## DATA SECTION
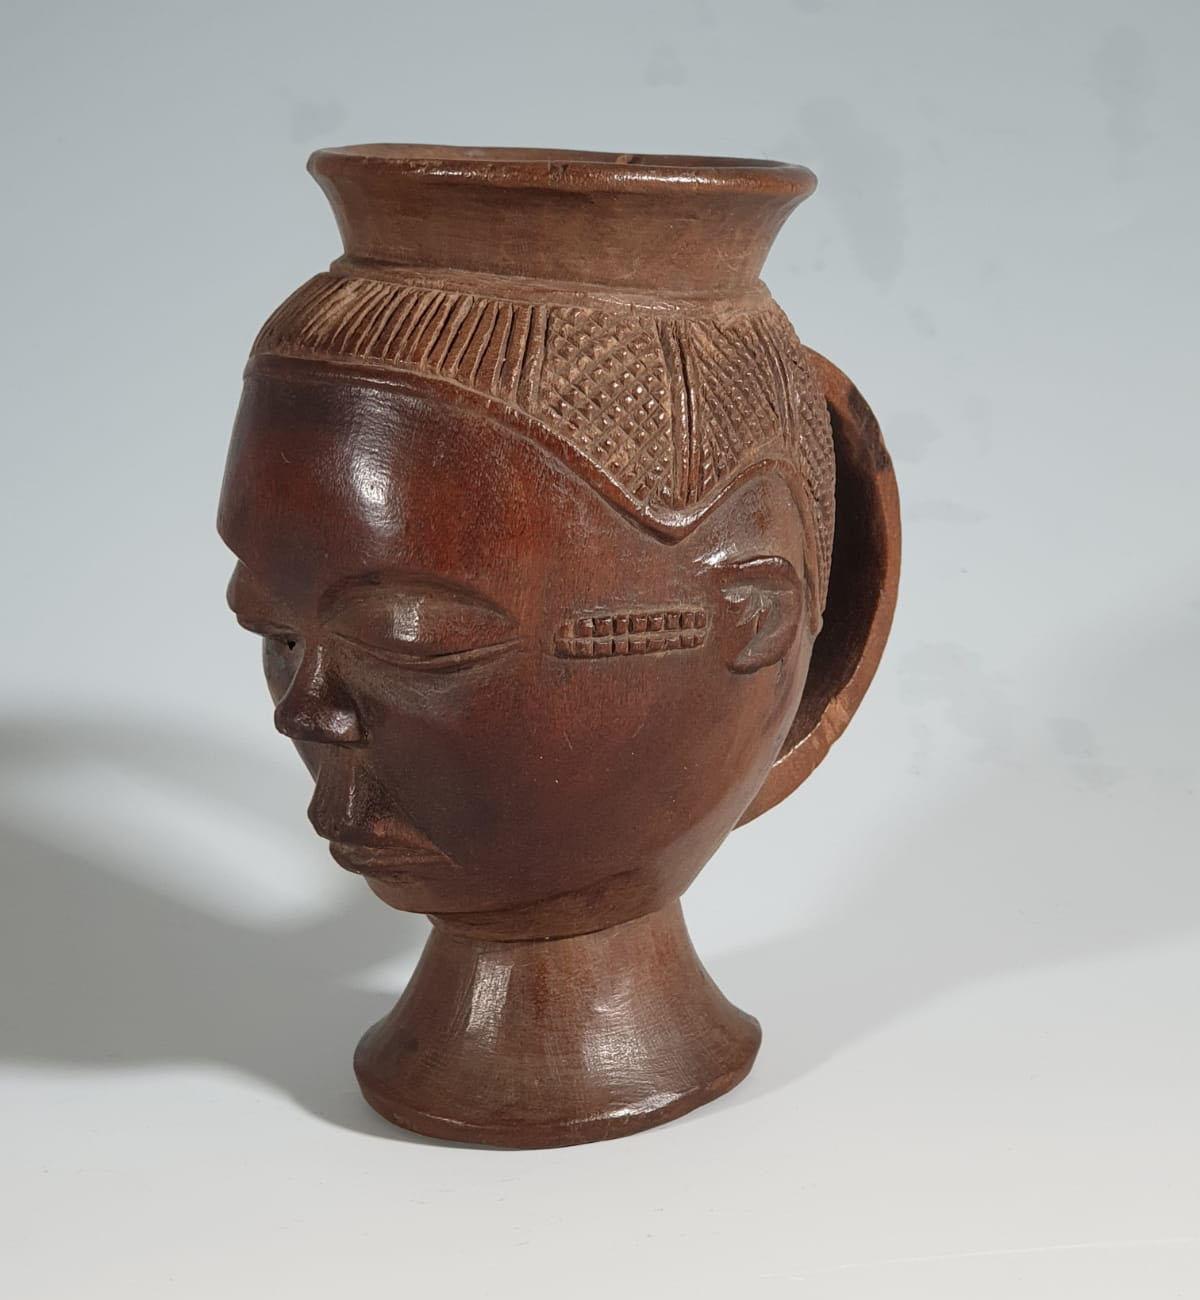 Fine rare Pende palm wine Cup Congo 
These finely carved cups would have been used at celebratory rituals and Wedding feasts 
Period: early 20th century 
Measure: Height 15 cm
Provenance: Belgian Colonial collection, Alain Guisson Brussels.
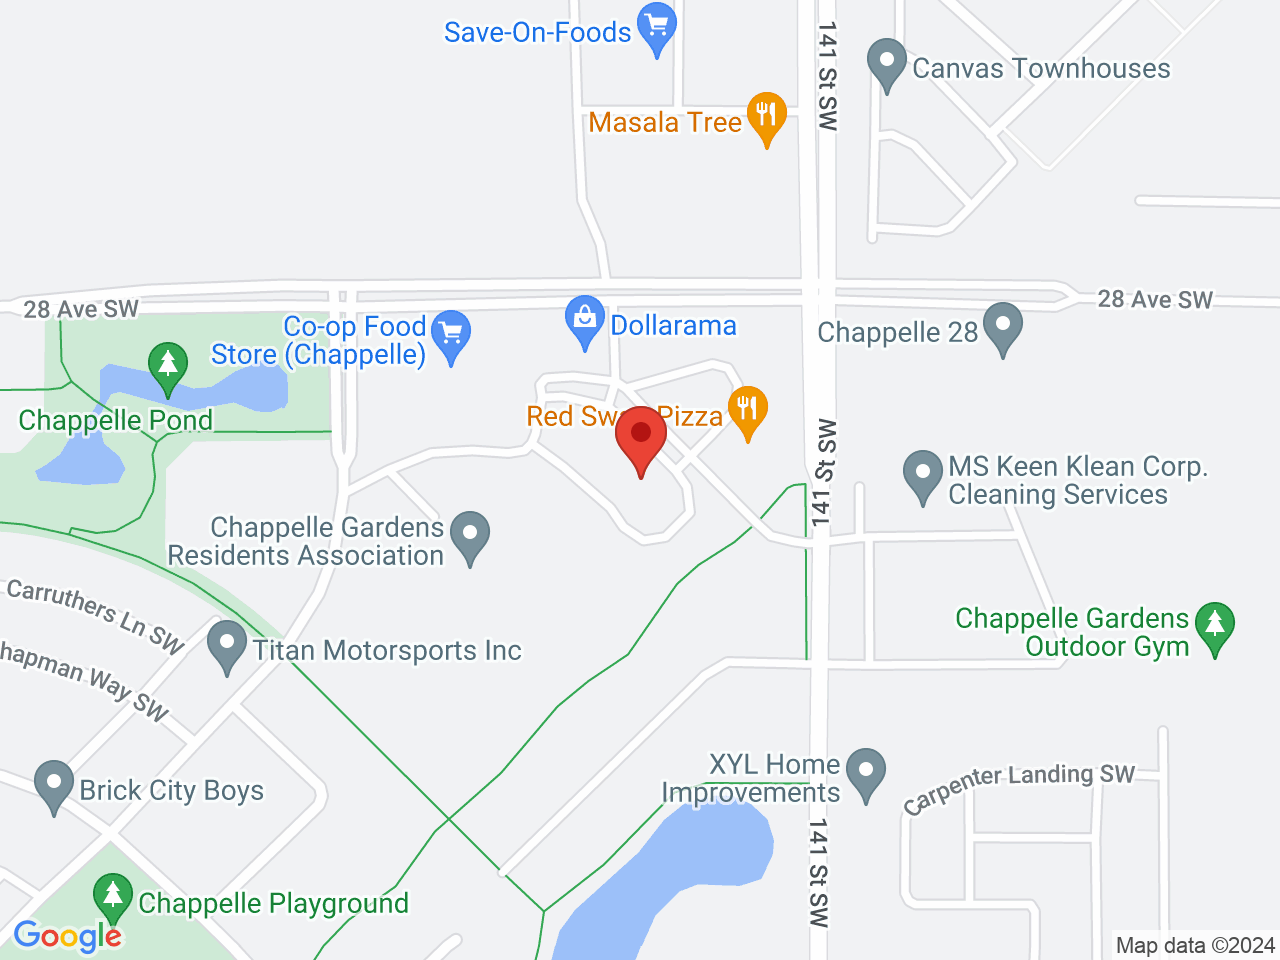 Street map for Value Buds Chapelle, 14143 28 Ave. SW, Edmonton AB
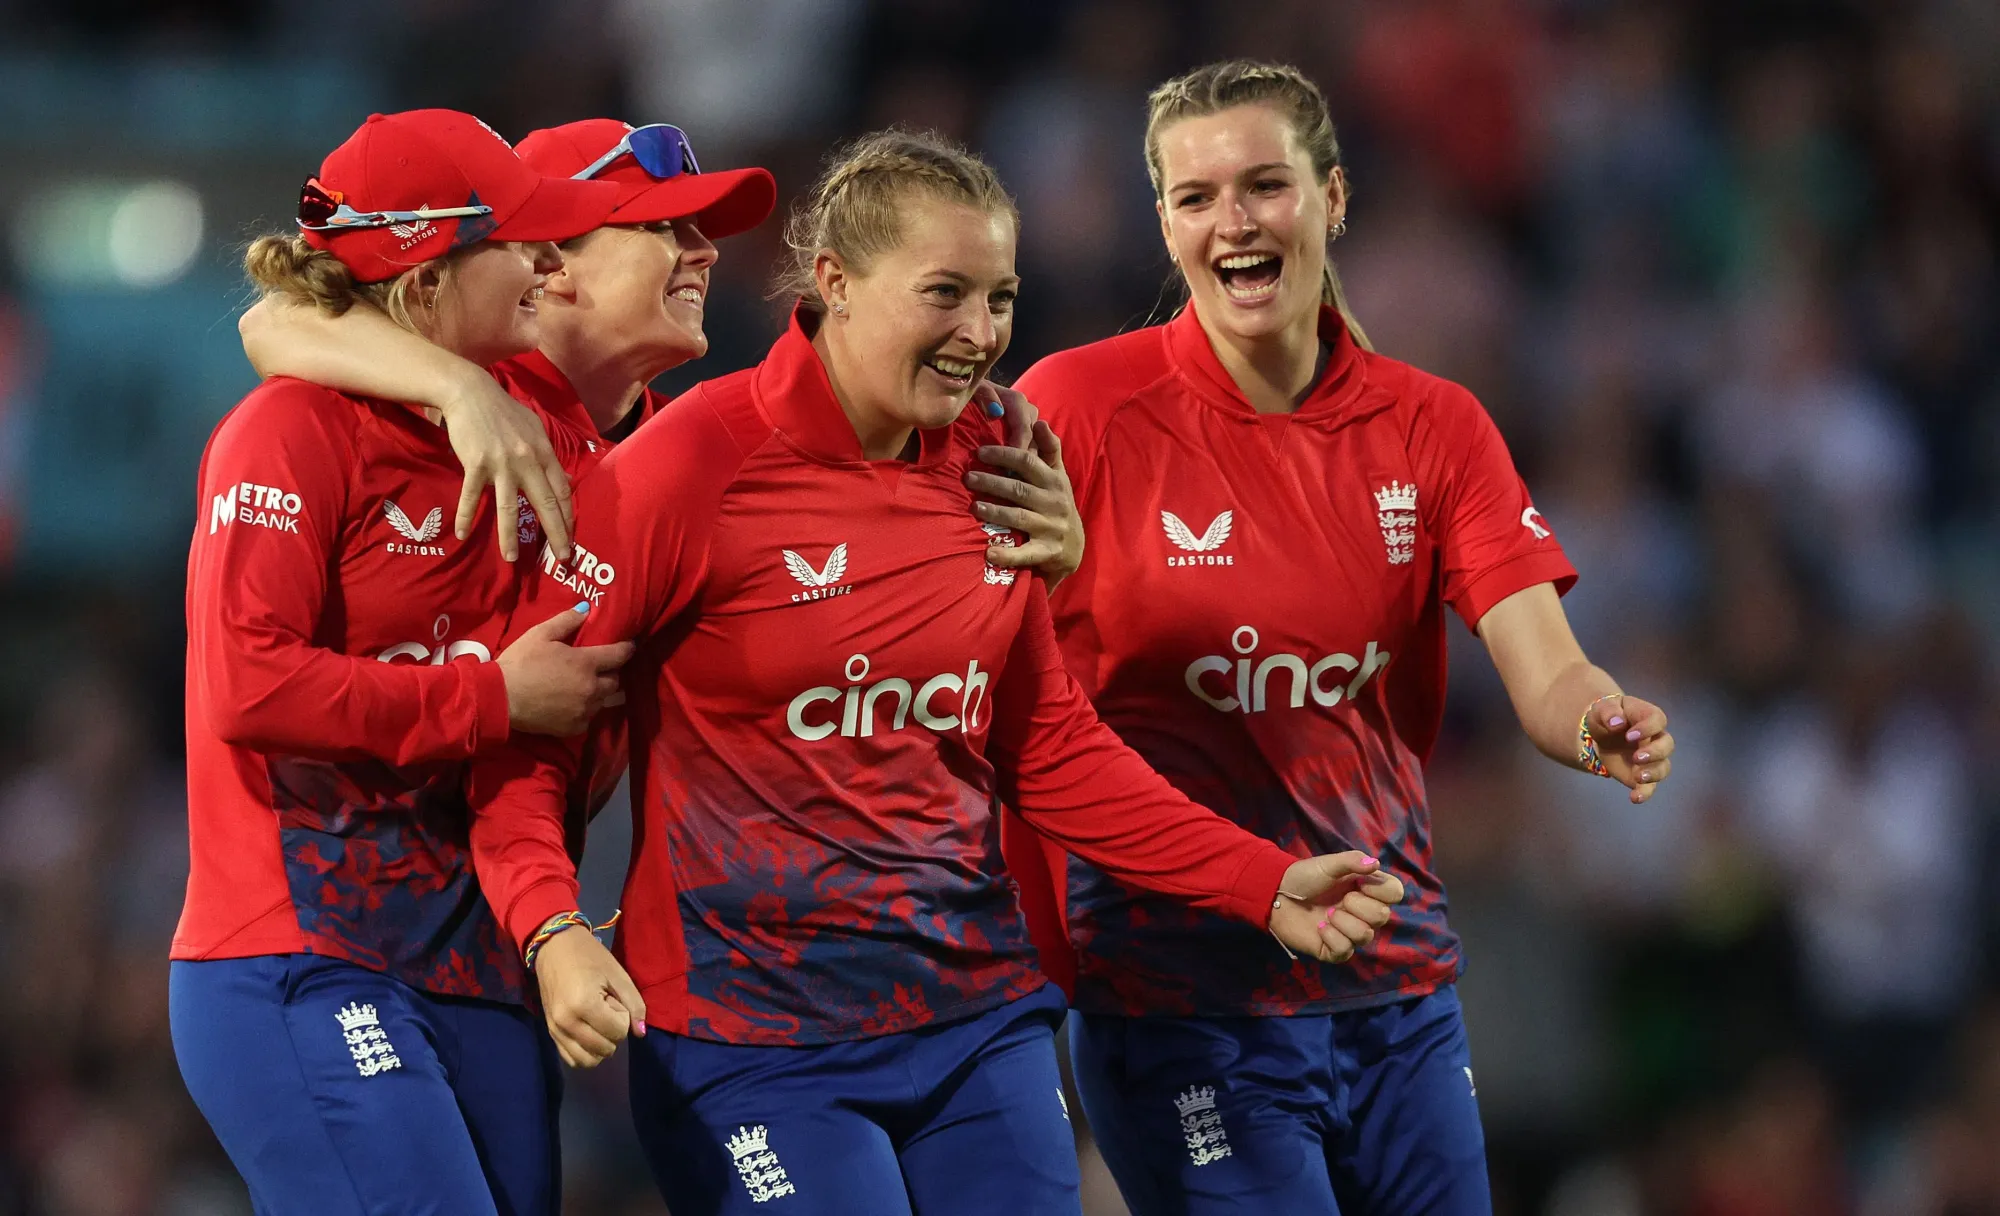 The England Women's cricket team is using AI to gain competitive advantage

## TASK TO COMPLETE
The required output is the lines from the one containing "Provenance: Belgian Colonial" through the end of the records above, reproduced exactly, with no pictures.

## RESPONSE TO THIS TASK
Provenance: Belgian Colonial collection, Alain Guisson Brussels.
 Street map for Value Buds Chapelle, 14143 28 Ave. SW, Edmonton AB
 The England Women's cricket team is using AI to gain competitive advantage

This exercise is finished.